Based on a recommendation by the local planning commission, the board of supervisors of a municipality enacted an ordinance that placed a maximum height restriction of two-stories on structures located on any oceanfront property. The ordinance, which was effective upon enactment, contained a provision that exempted existing residences from this new height limitation, but there were only a few existing three-story residences on oceanfront property in the municipality. An individual owned an oceanfront parcel. Prior to the adoption of the ordinance, he employed an architect to draft plans for a three-story residence on his property, the architect had completed the plans, and the homeowner had approved the plans and paid the architect. In addition, prior to the adoption of the zoning ordinance, the homeowner had applied for, but had not yet obtained, a building permit based on the plans. Has the homeowner acquired a vested right to have a three-story residence on his oceanfront property?
Answer choice B is correct.
In order for a property owner who is in the process of building a structure when a zoning ordinance is adopted that prohibits such a structure to convince a court that his right to build the structure has vested, the property owner must have acquired a building permit prior to the date that the zoning ordinance took effect.
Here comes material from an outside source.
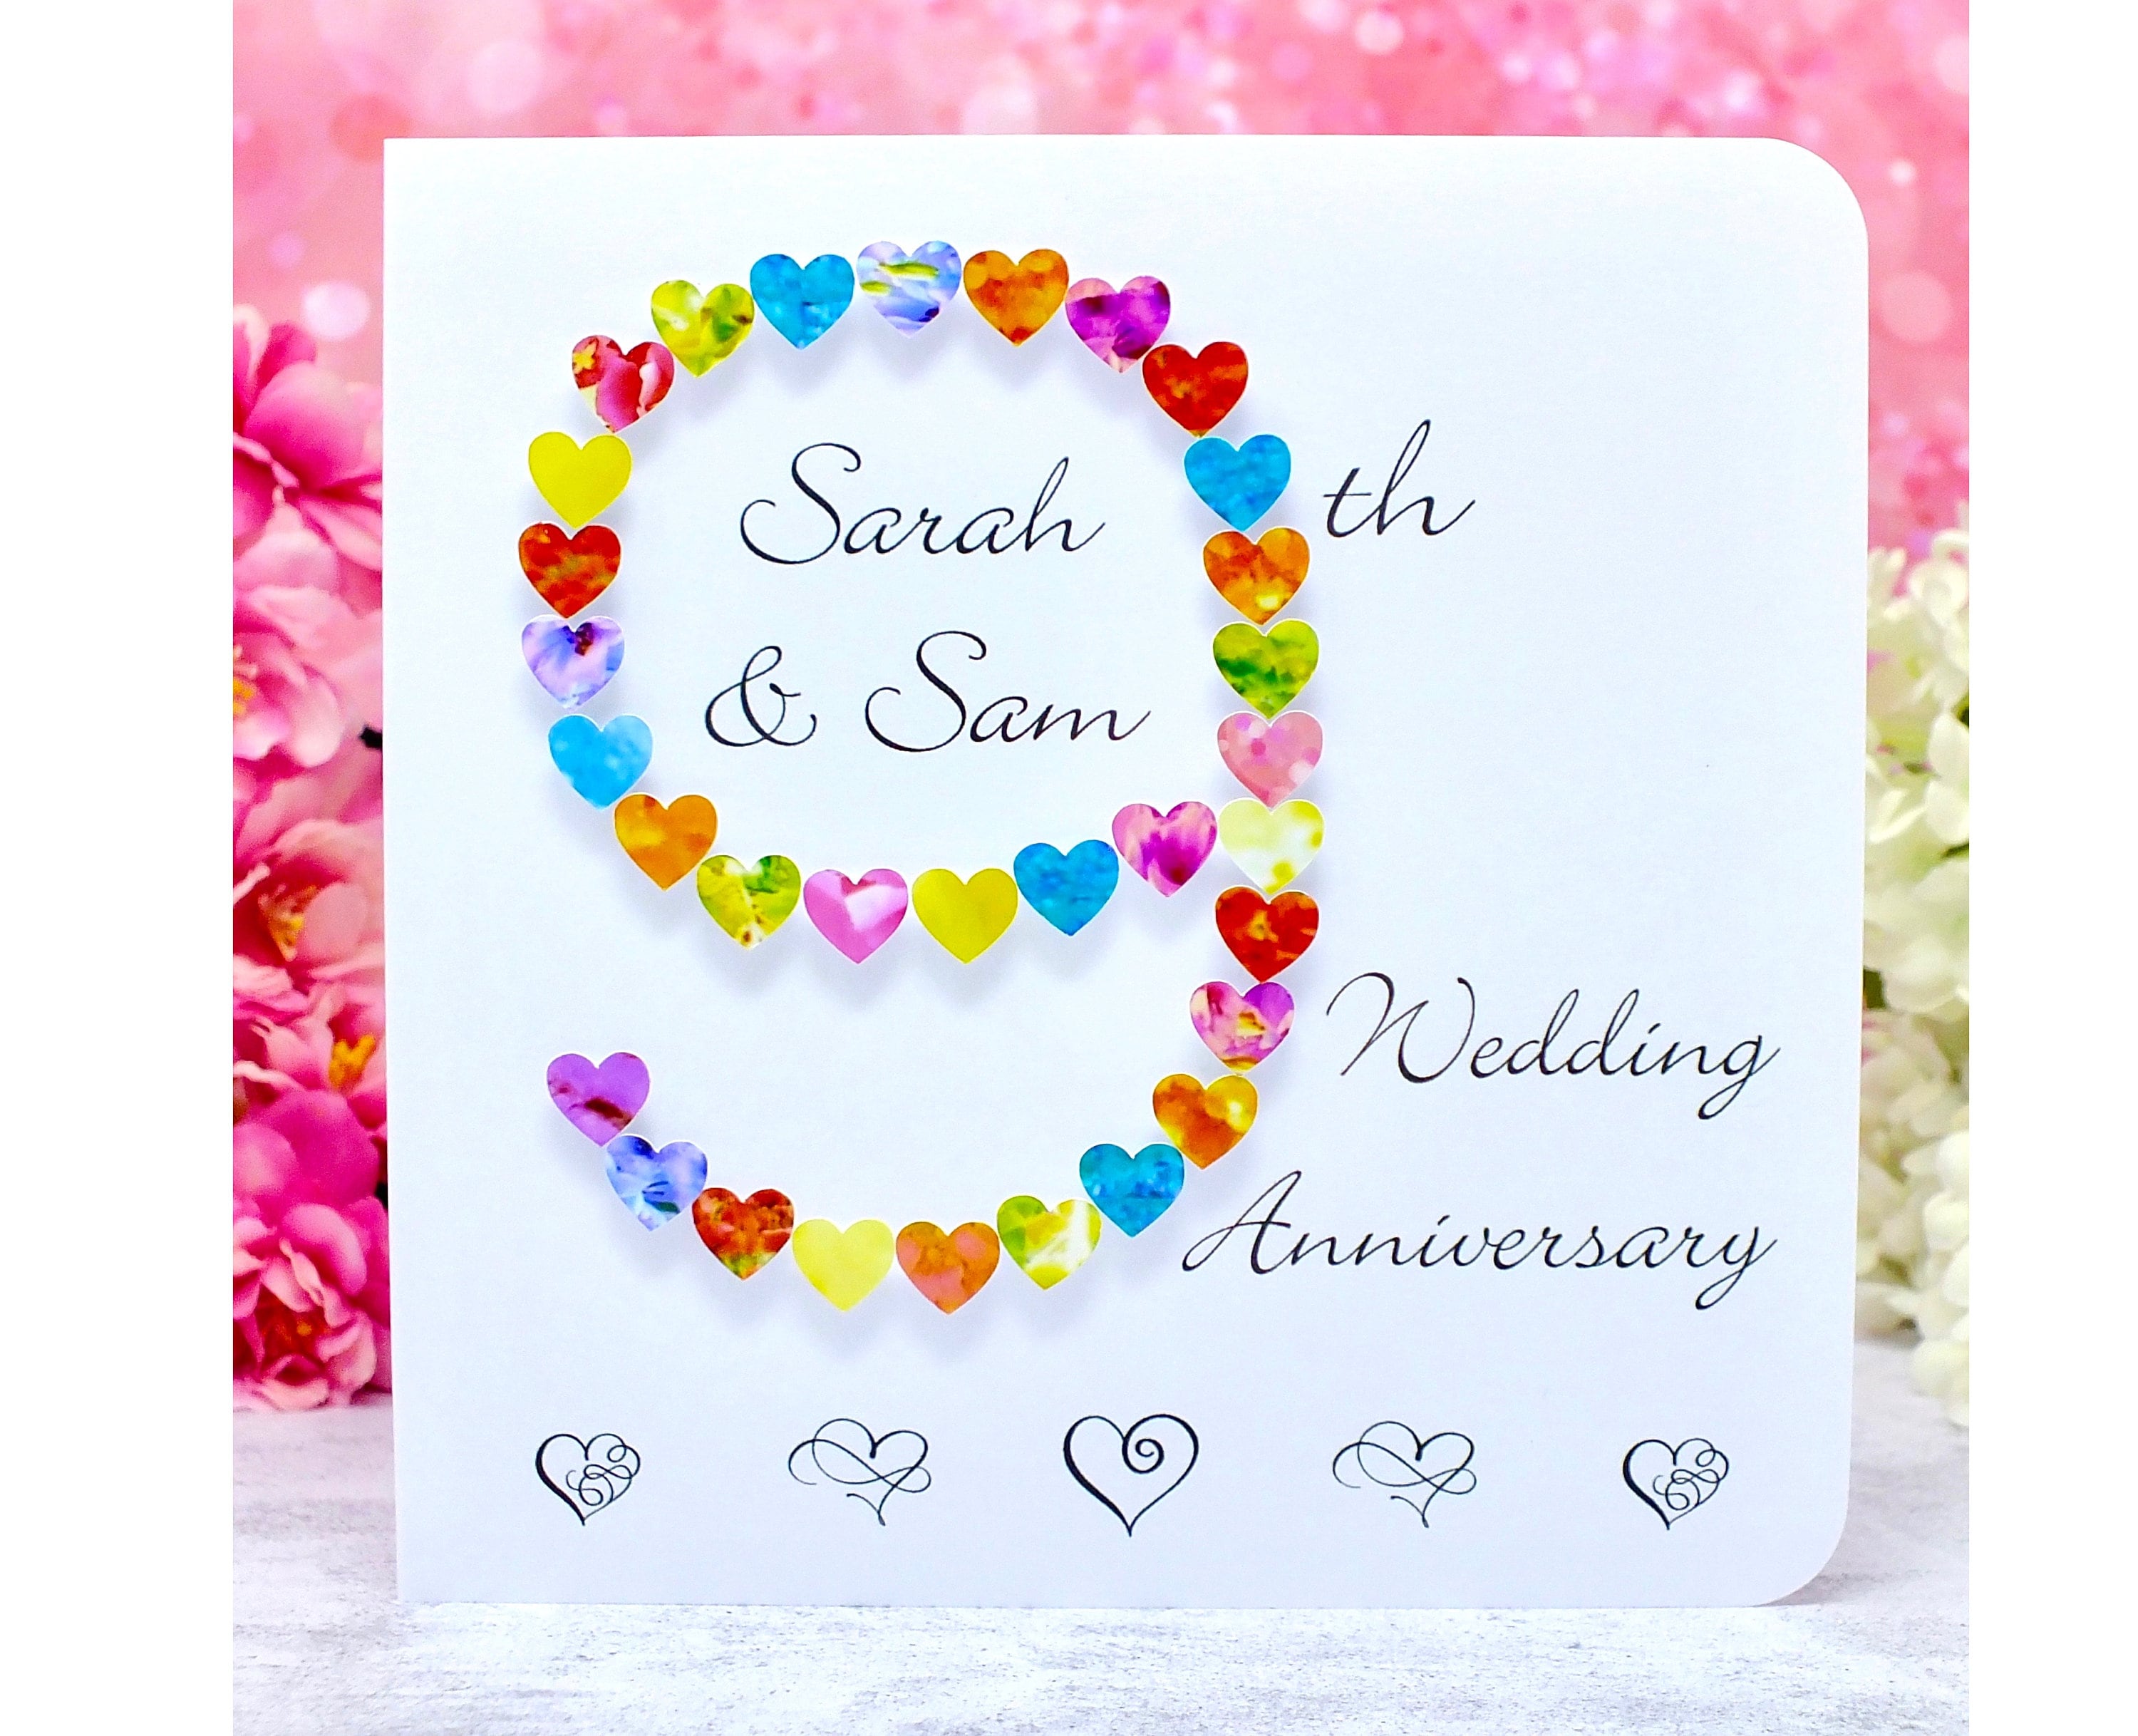 9th Wedding Anniversary Card Handmade and Personalised With hq nude picture

Since this property owner was not awarded a building permit at the time that the zoning ordinance took effect, he does not have a vested right in a three-story residence on his oceanfront property. Answer choice A is incorrect because, while the number of existing structures that violate a zoning ordinance may be relevant in determining whether to issue a variance to a property owner, it is irrelevant to the determination of whether the property owner has acquired a vested right to build a structure that violates the zoning ordinance. Answer choice C is incorrect because a property owner’s expenditure of funds that directly relates to the building of a structure is not in and of itself sufficient to create a vested right to do so in the face of a subsequent zoning ordinance that prohibits such a structure. Answer choice D is incorrect because a property owner’s demonstrable intent to build a structure is not in and of itself sufficient to create a vested right to do so in the face of a subsequent zoning ordinance that prohibits such a structure.